Литмир - Электронная Библиотека
Содержание  
A
A

— Письмом министерства народных избранников не перескочишь. Власть на местах полномочная. Не отвели мы вам землю под строительство.

Балихин круто повернулся и напрямик спросил Готовцева:

— Не ты ли там ручку приложил, Андрей Алексеевич?

— И я приложил, Владимир Александрович.

— Ясно… Веселый вы народ. У одного теперь придется знамя отбирать, а другой…

Балихин не договорил. Распорядился, чтобы завтра в шестнадцать часов начальник ОКБ явился к нему. Авиационным чистейшим бензином начальник главка тоже не захотел воспользоваться. С рыжим пятном на рукаве светло-серого пиджака Балихин прямо из цеха проследовал в служебную машину, наотрез отказавшись принять участие в скромном, всего на шесть персон, старательно и заботливо приготовленном обеде.

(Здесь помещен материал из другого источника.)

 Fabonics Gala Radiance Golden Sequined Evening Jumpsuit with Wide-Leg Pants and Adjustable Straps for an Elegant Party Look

Глава 10. Симпатии и антипатии

Дом на Каширке когда-то был уютным подмосковным особнячком из тех, что опрятно и весело смотрят вдаль окнами мезонина с вынесенным на фасад небольшим, в точеных балясинах перил, балкончиком, приветливо распахнутыми в глубине веранды двустворчатыми дверьми. За прожитое время дом постарел, ему бы впору было кончить жизнь, но он терпеливо стоял, словно понимая, что должен укрывать еще двух оставшихся жильцов.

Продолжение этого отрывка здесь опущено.